Question 726659
Let's place your (x,y) coordinate axis at the apex of the arch. Then we have, to start with
(1) y = ax^2
To find a we substitute the point (135,-182.25) into (1) to get
(2) -182.82 = a*(135)^2 or
(3) a = -182.25/((135)^@) or
(4) a = -0.01
Then we have
(5) y = -0.01x^2
This gives the equation of the parabola (arch) as if it started at the apex or maximum value of the parabola. However the description of the arch has x starting at the base which is 135m to left of (5).
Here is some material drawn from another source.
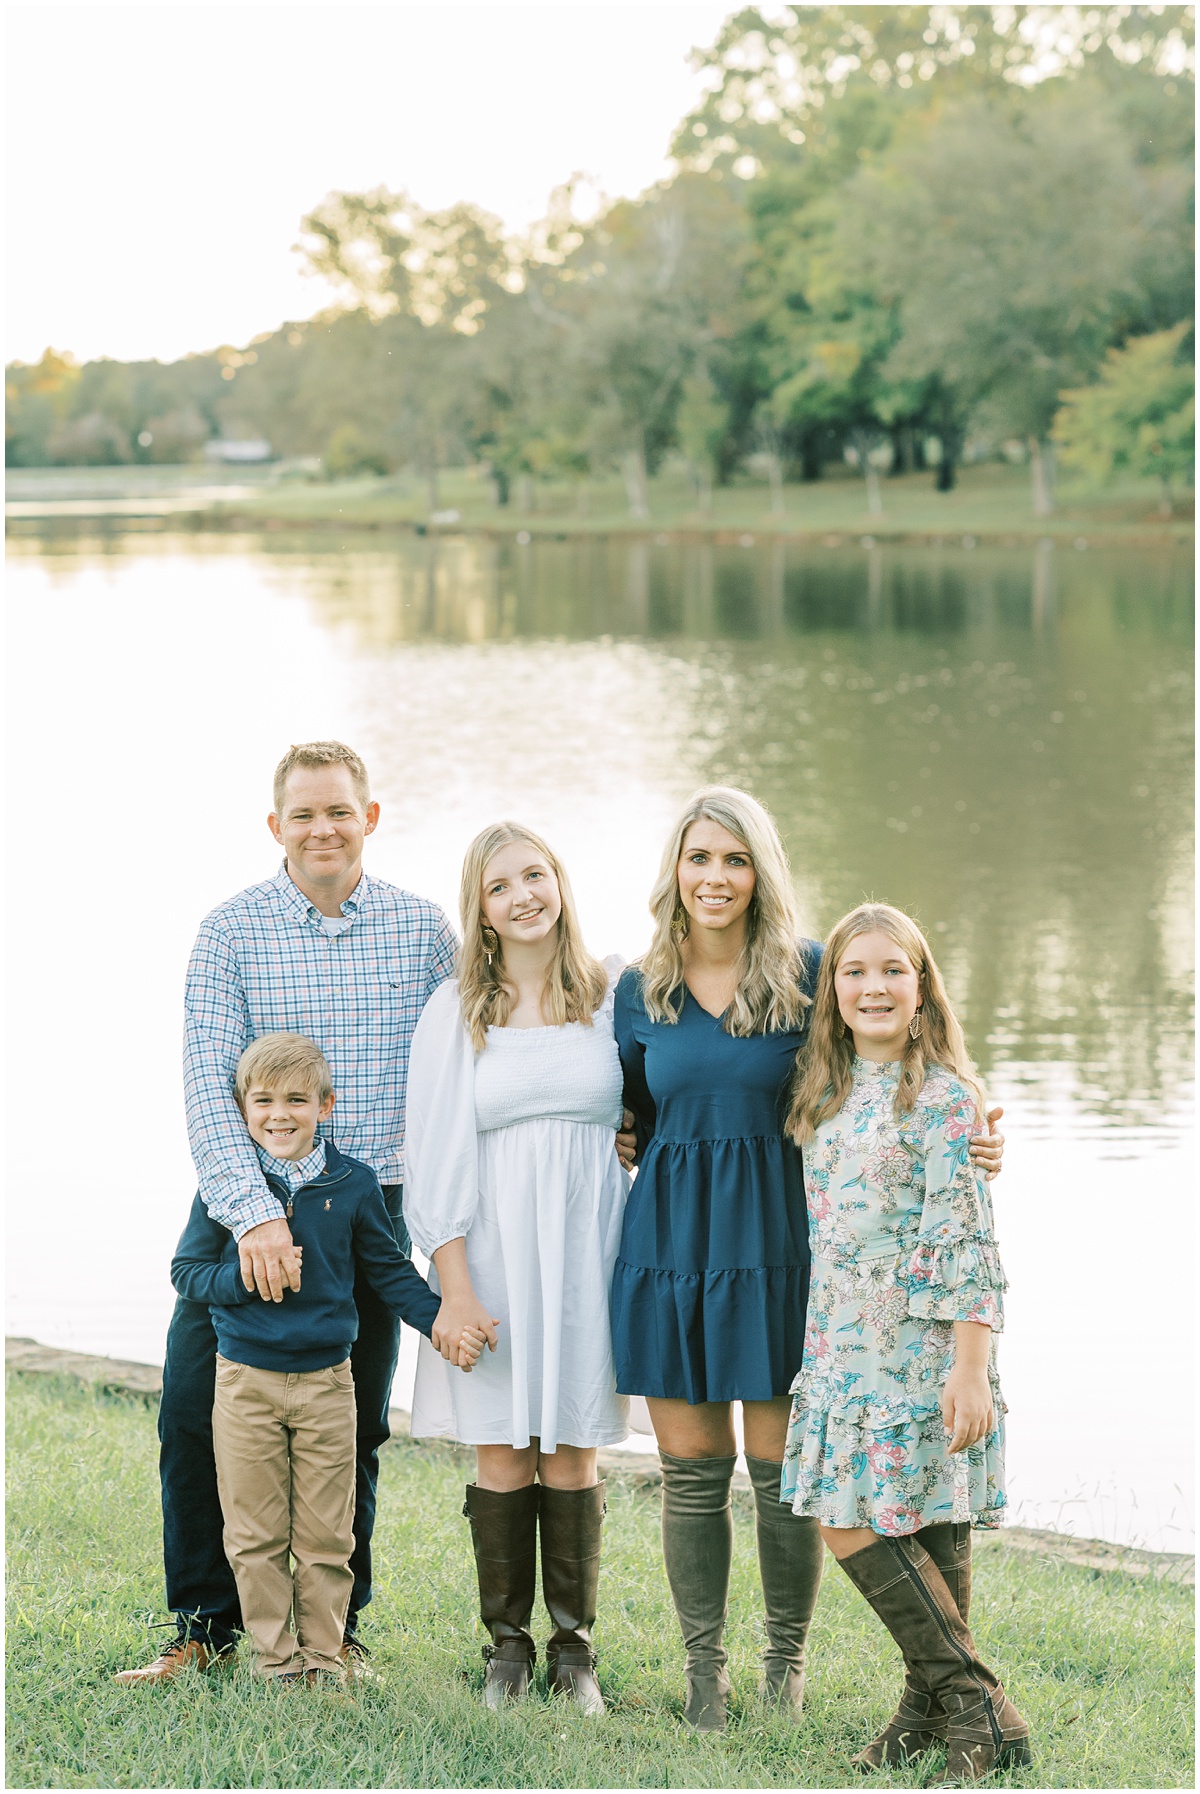 Fall family photo session, Greer SC photographer

Therefore we must shift (5) to the right by 135 and get
(6) y = -0.01(x-135)^2
It also states that y (the height of the arch) is 182.25m above the starting pylon. Therefore we must also shift (5) up by 182.25m, giving us
(7) y = -0.01(x-135)^2 + 182.25
Simplifying (7) we get
(8) y = -0.01(x^2 - 2*135x + 135^2) + 182.25 or
(9) y = -0.01*x^2 + 2*1.35x - 0.01*135^2 + 182.25 or
(10) y = -0.01*x^2 + 2.70x - 0.01*135^2 + 182.25 or
(11) y = -0.01*x^2 + 2.70x 
Comparing the coefficient of (11) to
(12) y = ax^2 + bx gives
(13) a = -0.01 and b = 2.70
Let's check the equation of (11).
Is ( 0 = -0.01*0^2 + 0)?
Is (0 = 0)? Yes
Is (182.25 = -0.01*135^2  + 2.70*135)?
Is (182.25 = -182.25 + 364.5)?
Is (182.25 = 182.25)? Yes
Is (0 = -0.01*270^2  + 2.70*270)?
Is (0 = -729 + 729)?
Is (0 = 0)? Yes
Answer: The equation of the parabolic arch is y = -0.01*x^2 +2.70x.
PS The 50m and 19 steel cables do not enter into the problem.